When things get rough for plants, they can’t simply move to a new environment with better conditions. They have to adapt their own metabolism to face the challenge, whether it is dryness or cold or a chemical insult. And since plants feed on light, every night is a period of starvation; the constructive activities of the cells cease, and the plant begins to break down its own parts to fuel itself.
Common Signal
As a species that depends on plants for food, people have an interest in helping our green friends buffer themselves against stress. Researchers have actively studied the stress response, uncovering genes that respond to different kinds of challenge, including darkness, drought, cold, lack of oxygen, and herbicides. But new findings from the lab of Jen Sheen, HMS professor of genetics at Massachusetts General Hospital, suggest that these diverse insults do not trigger merely unique responses in a plant’s cells; instead, they are integrated into a general signal of the plant’s status. In the Aug. 23 Nature, her team details two protein kinases that are responsible for switching on a wide program of genetic change in response to many different stresses, the same class of kinase responsible for energy regulation in human cells.

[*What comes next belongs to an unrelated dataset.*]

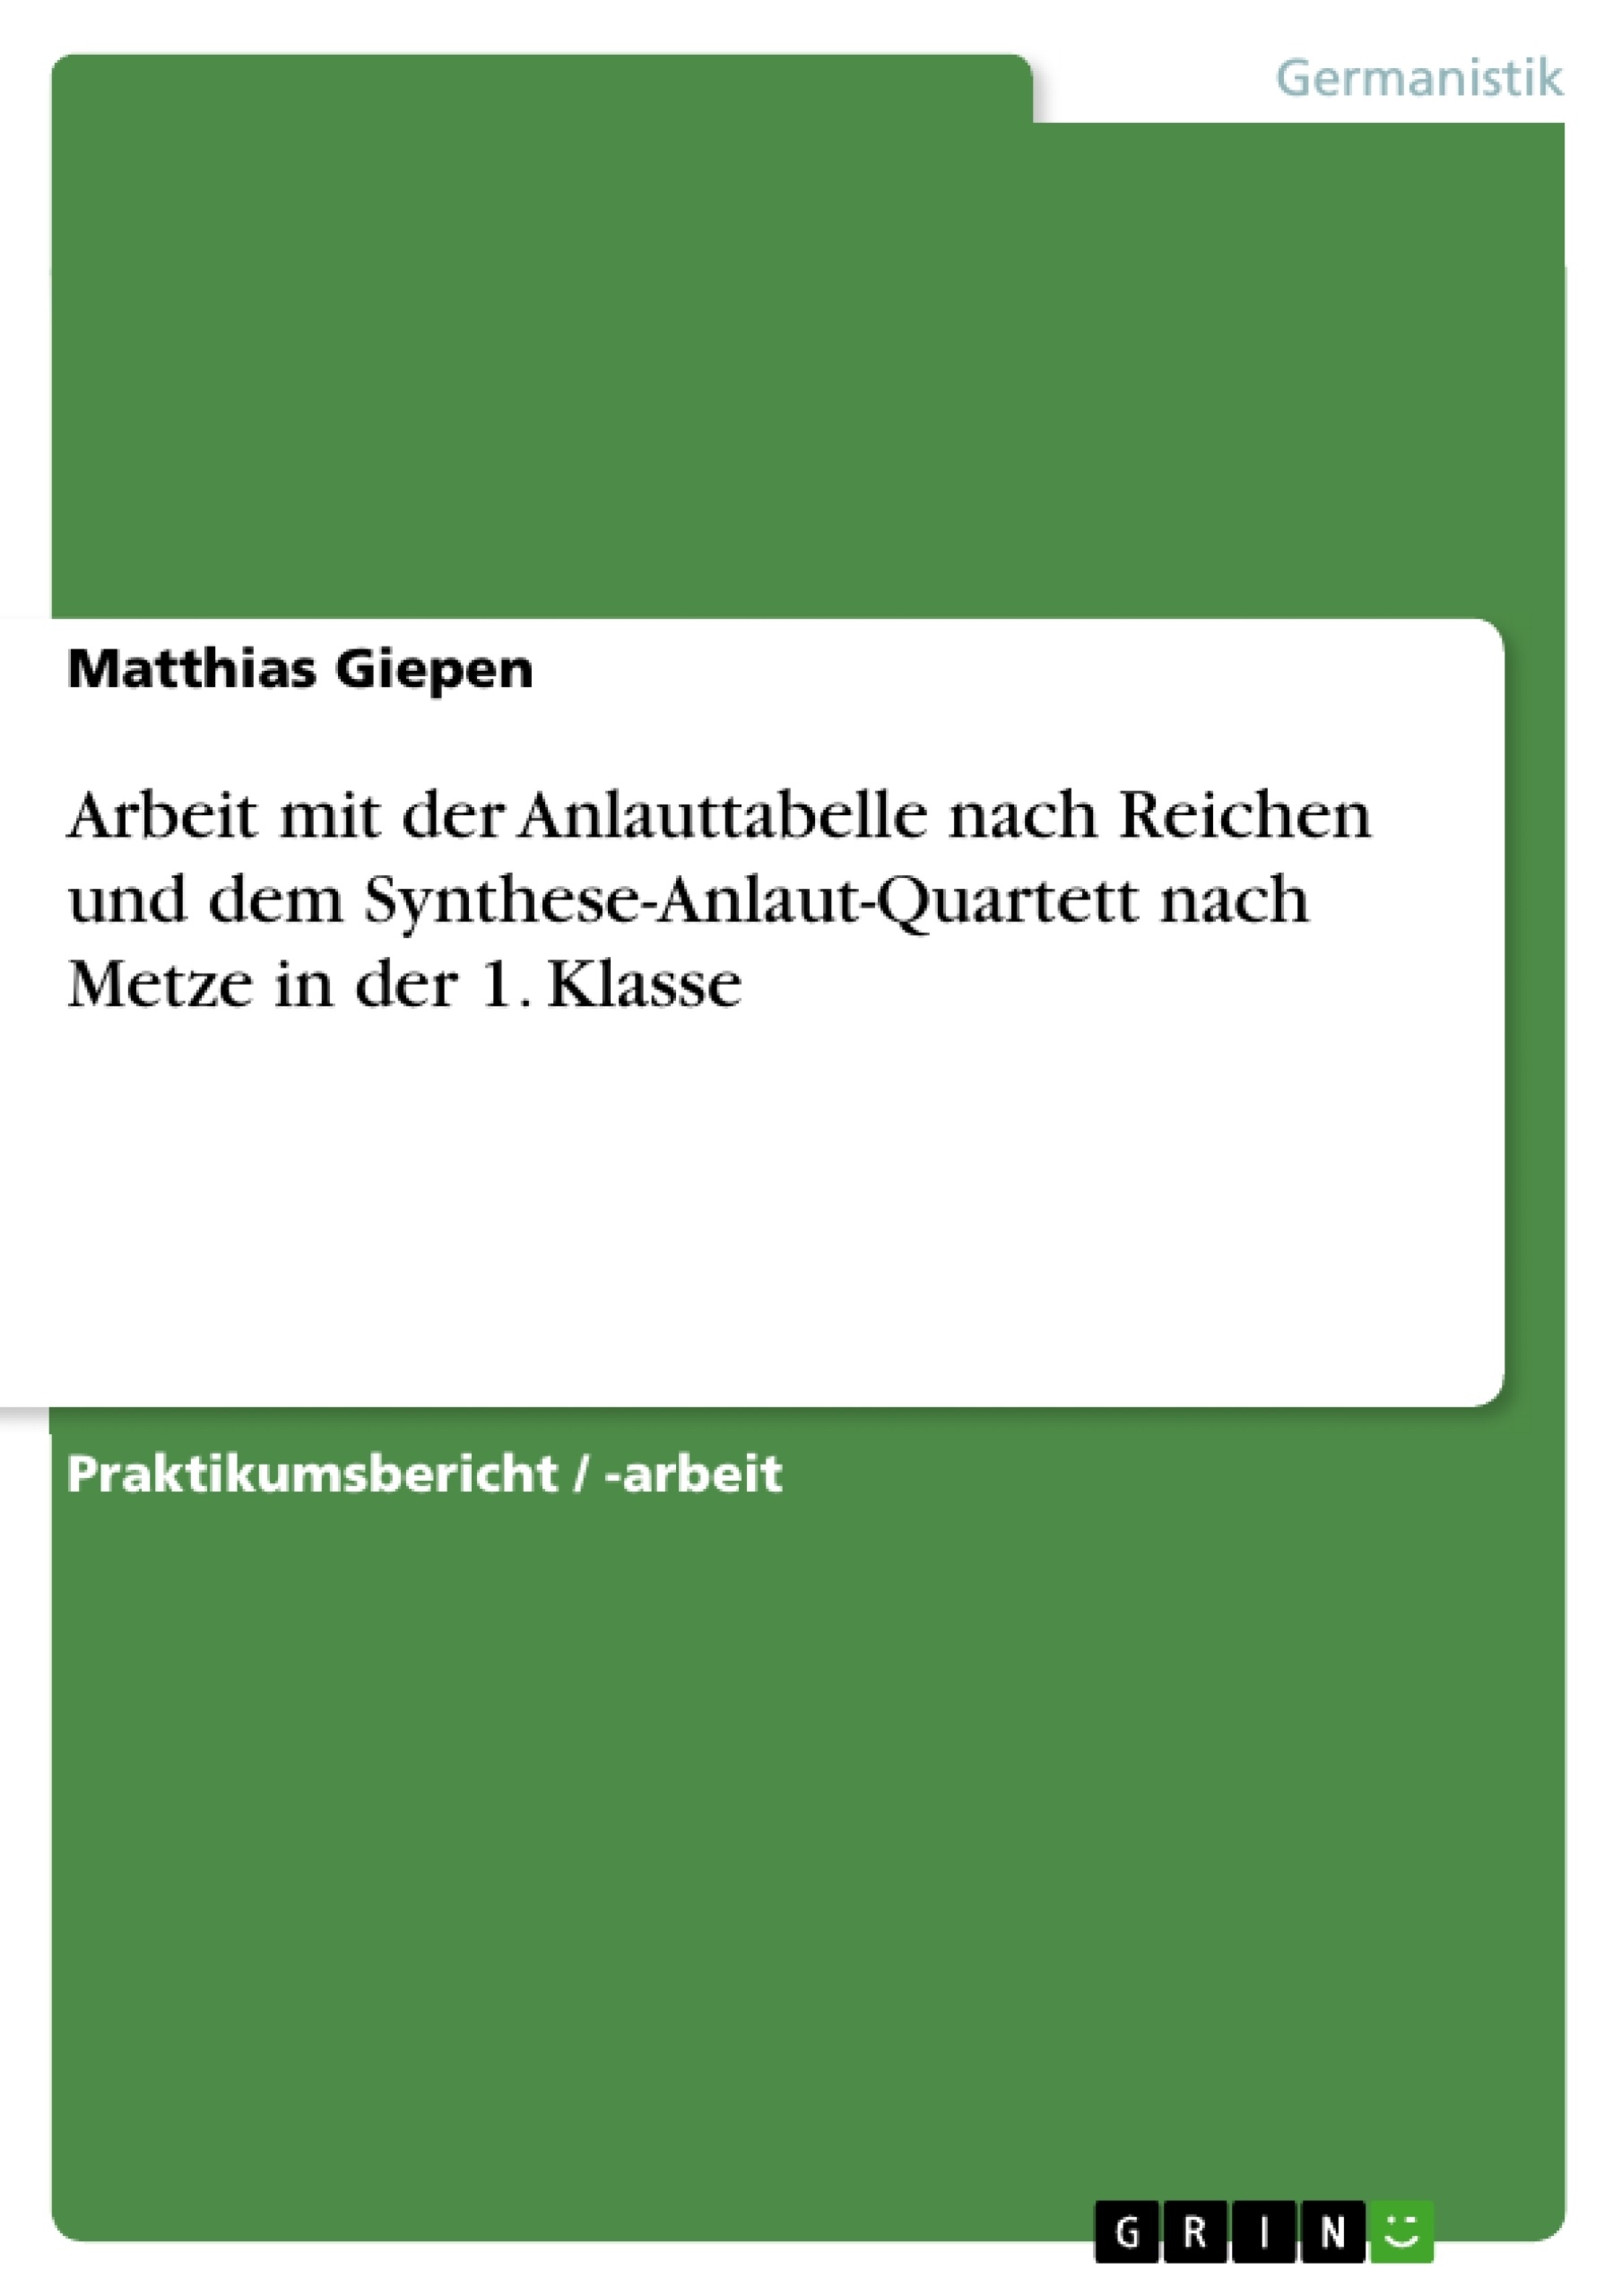 Título: Arbeit mit der Anlauttabelle nach Reichen und dem Synthese-Anlaut-Quartett nach Metze in der 1. Klasse

Genomic studies on plants have produced large sets of data about their responses to different conditions. But when research fellow Elena Baena-Gonzalez began looking at the data, she noticed something interesting. A set of genes classified as dark-induced genes, which had been shown to become active in response to darkness, were also activated by other stressors. The finding “told us that this is not really specific—there must be some common signal of different types of stress,” she said. Another clue came from data on plants that were given extra nutrition in the form of sugar. This treatment repressed dark-induced genes, even when the plant was in darkness. “The sugar addition overrode the dark–light signal,” Baena-Gonzalez explained.
To investigate the connection further, the team began looking at perturbations in the plant Arabidopsis that activated the dark-induced gene DIN6. They found that a protein kinase inhibitor blocked the gene’s activation, and they went on to test a family of protein kinases that had been shown to be crucial metabolic regulators in yeast and mammals. Two of these proteins, KIN10 and KIN11, switched on dark-induced genes when they were expressed in the leaves of Arabidopsis.
The team then examined the effect of KIN10 on early gene expression and uncovered a whopping 1,000 or more potential target genes whose expression was altered by the protein kinase activity. Sheen noted that such a broad effect on gene expression is unusual. “This has to be a master regulator,” she said. This set of target genes overlapped with gene expression profiles of plants under various stress conditions. KIN10 turned on genes involved in catabolism—the degradation of components of the plant cell as extra sources of fuel—while it shut off genes involved in anabolism, energy-taxing construction projects in the cell. The protein kinase also controlled more than a hundred transcription factors, suggesting it had even further effects on cell function through downstream cascades of gene transcription.
The team then overexpressed KIN10 in plants or removed it through gene silencing. They found that when the kinase was overexpressed and a plant was given plenty of light and nutrients, it developed more slowly but lived longer. This meager growth persisted even when the plants were provided continuous light and sugar. “It’s like they are in a permanent state of starvation,” Baena-Gonzalez said. When deprived of nutrients, however, a condition that sent normal plants into senescence, the KIN10-overexpressing plants survived. When KIN10 and KIN11 were both silenced to eliminate their redundant functions, plants failed to develop properly and died early, suggesting that the two are important for normal development as well as more immediate responses to the environment.
Sheen said that plants do have specific ways of sensing different stresses. But somehow, the stress signals generated by those conditions all converge into something very general. The ultimate effect on the plant is not dependent on light, or darkness, or even sugar. “It’s actually the energy status of the plant” that serves as the barometer for its responses, Sheen said.
A similar process takes place in mammalian cells, governed by AMPK, which is a functional homologue to KIN10 and KIN11. AMPK acts as an energy sensor that helps to maintain the energy balance in the cell. It is activated when the cell’s level of AMP rises and the level of ATP—the energy currency of the cell—drops as energy is depleted. Sheen said that similar expression studies are trickier to do with AMPK, but she guesses they may have similar wide-reaching effects on gene expression in the mammalian cell. Sheen noted that KIN10 overexpression triggered effects similar to caloric restriction in other organisms. AMPK is a target of the diabetes drug metformin and the red wine derivative resveratrol, and is also activated by exercise and by natural signals of energy balance such as leptin.
Grahame Hardie, professor of cell signaling at the University of Dundee, said that while this family of related molecules has been well characterized in mammals and in fungi, this paper “is now beginning to give a good understanding of its role in plants.” Research increasingly shows that AMPK and its related protein kinases in other organisms perform the same functions, he said, even though the stresses that each organism faces are very different. It may be that these protein kinases control an ancient starvation response in eukaryotic cells.